Accord sur Gaza : Nétanyahou souligne les “divergences” entre Israël et Washington
Le Premier ministre israélien a réitéré, mardi soir, son opposition à l’accord annoncé le 30 juillet par Donald Trump, qui prévoit le désarmement du Hamas ainsi que le retrait des troupes israéliennes de l’enclave..
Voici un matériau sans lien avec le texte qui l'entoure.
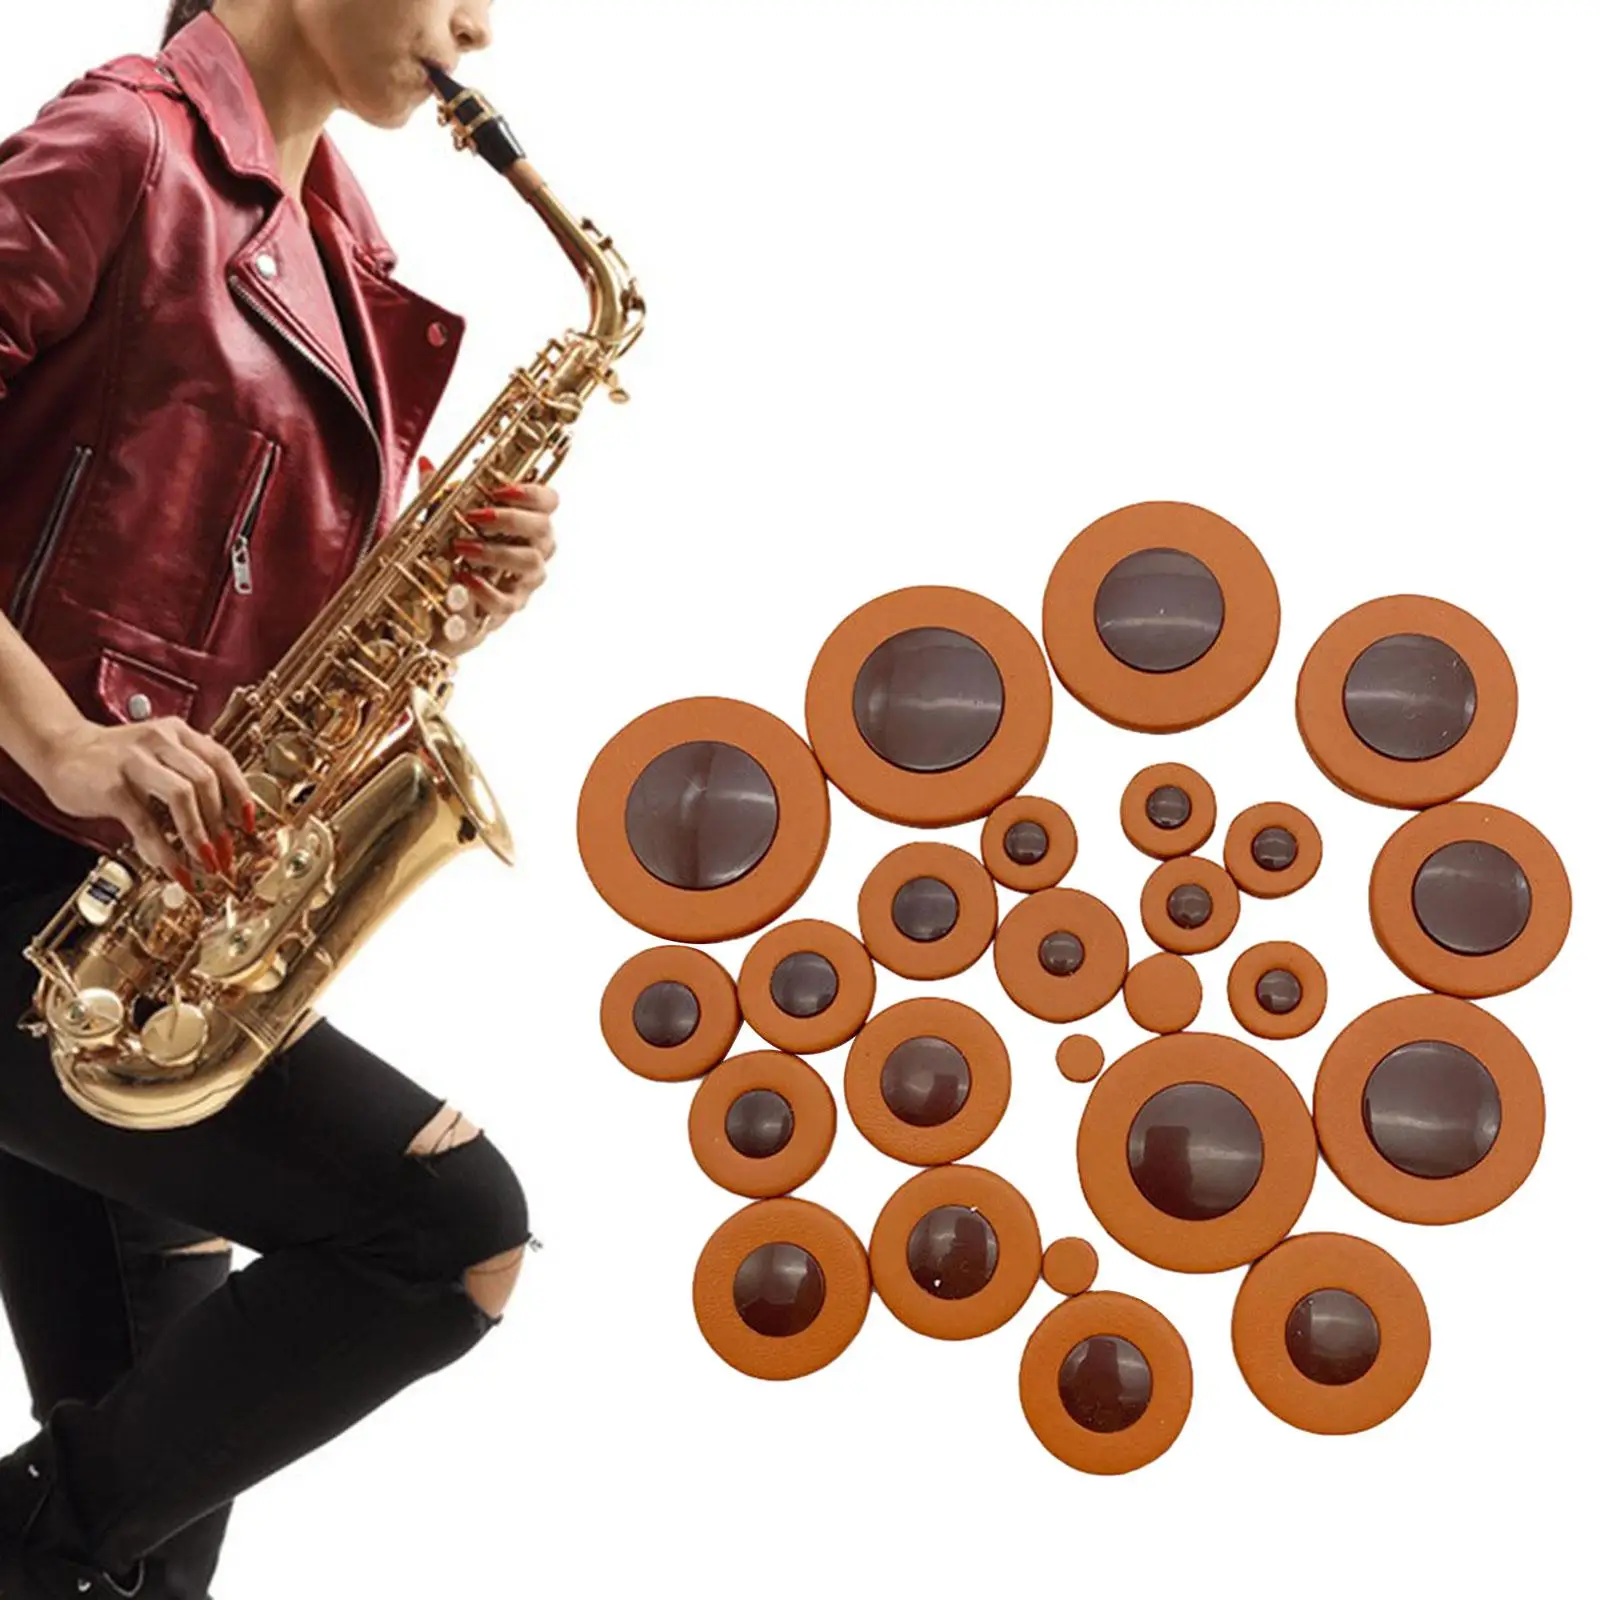 

Кожаные накладки для саксофона, профессиональные универсальные, 8,5 мм, 25 шт.

Le 30 juillet 2026, le président américain Donald Trump annonce un accord historique concernant la bande de Gaza. Cet accord prévoit notamment le désarmement du Hamas, un groupe armé palestinien, ainsi que le retrait progressif des troupes israéliennes de l’enclave. À cette date, Tsahal (l’armée israélienne) occupe près des deux tiers de Gaza, contre un peu plus de la moitié lors du cessez-le-feu d’octobre 2025. L’accord inclut aussi un arrêt des frappes israéliennes en échange d’engagements du Hamas. Cependant, cet accord est rapidement contesté par Israël, qui exprime des désaccords profonds avec les termes proposés par Washington.
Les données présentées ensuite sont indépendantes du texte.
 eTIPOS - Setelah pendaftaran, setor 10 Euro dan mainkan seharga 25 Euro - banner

Dès le 1er août 2026, soit deux jours après l’annonce de l’accord, Tsahal mène une série de frappes dans la bande de Gaza, faisant 19 morts. Cette action militaire contredit directement les termes de l’accord, qui exige un arrêt total des hostilités. Le même jour, Nikolaï Mladenov, haut représentant pour Gaza du Conseil de la paix, rencontre Benyamin Nétanyahou, Premier ministre israélien, pour lui rappeler que le retrait total des troupes israéliennes ne sera effectif qu’une fois le désarmement du Hamas achevé, comme l’a promis le groupe armé aux médiateurs. Malgré cette clarification, Nétanyahou maintient sa position critique envers le plan américain.
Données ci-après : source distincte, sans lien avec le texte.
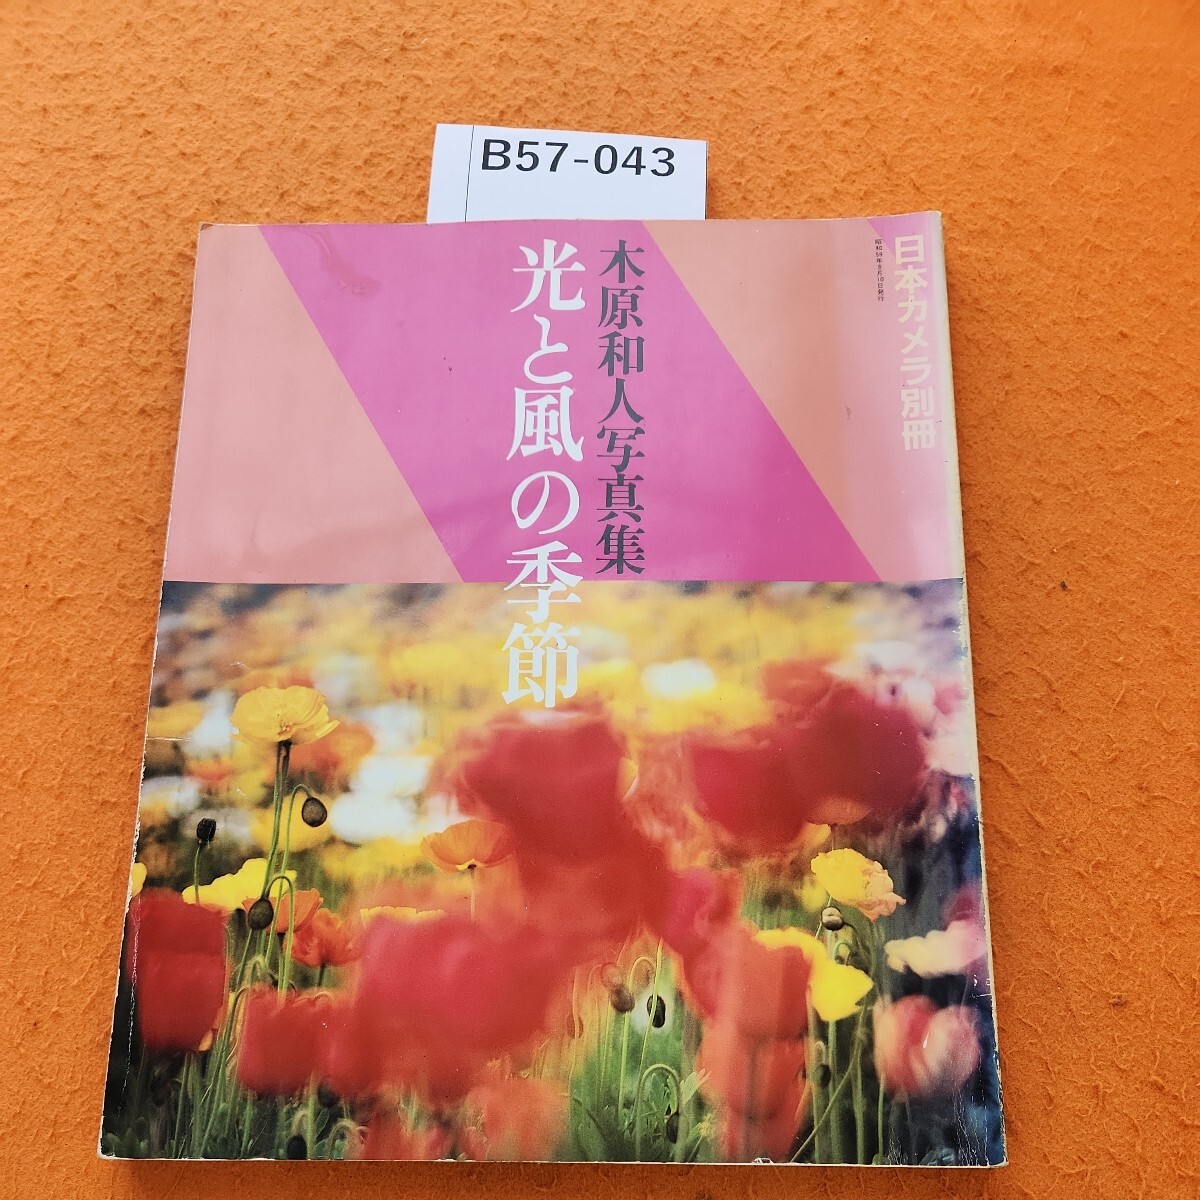 B57-043 日本カメラ別冊 木原和人写真集 光と風の季節_画像1

Le 4 août 2026, Nétanyahou publie une vidéo dans laquelle il reconnaît publiquement des divergences avec l’administration Trump. Il explique que les États-Unis estiment pouvoir obtenir le désarmement du Hamas et la démilitarisation de Gaza, une perspective que Israël juge irréaliste. Nétanyahou précise que son gouvernement a reçu un projet d’accord de Washington, qu’il n’a pas accepté, et qu’il a transmis ses propres commentaires en retour. Il réaffirme par ailleurs que Tsahal continuera à agir pour protéger Israël et ses citoyens, en contradiction avec les exigences de l’accord, qui impose un arrêt total des hostilités. Ces tensions révèlent un désaccord de fond entre les deux alliés sur la gestion future de Gaza.
Nétanyahou avait déjà exprimé en janvier 2026 son opposition à certaines propositions américaines pour Gaza. Il avait notamment déclaré qu’aucun soldat turc ni qatari ne serait déployé dans l’enclave, rejetant ainsi l’idée d’une force de stabilisation internationale (ISF) prévue par le plan de paix américain. Cette force aurait pour mission de garantir la sécurité et la reconstruction de Gaza après le conflit. Le Premier ministre israélien semble donc privilégier une solution où Israël conserverait un contrôle sécuritaire sur le territoire, plutôt qu’un déploiement étranger, perçu comme une menace pour sa souveraineté.
Cet épisode illustre les tensions persistantes entre Israël et les États-Unis, deux alliés traditionnels mais dont les visions divergent sur la résolution du conflit israélo-palestinien. Alors que Washington mise sur un accord négocié et une démilitarisation de Gaza, Israël insiste sur sa sécurité et refuse toute ingérence extérieure dans la gestion du territoire. Ces désaccords pourraient compliquer la mise en œuvre du plan de paix, d’autant que le Hamas, bien que signataire de l’accord, reste un acteur clé dont la coopération est indispensable. La situation à Gaza, déjà fragile, pourrait ainsi se tendre davantage si les parties ne parviennent pas à un compromis.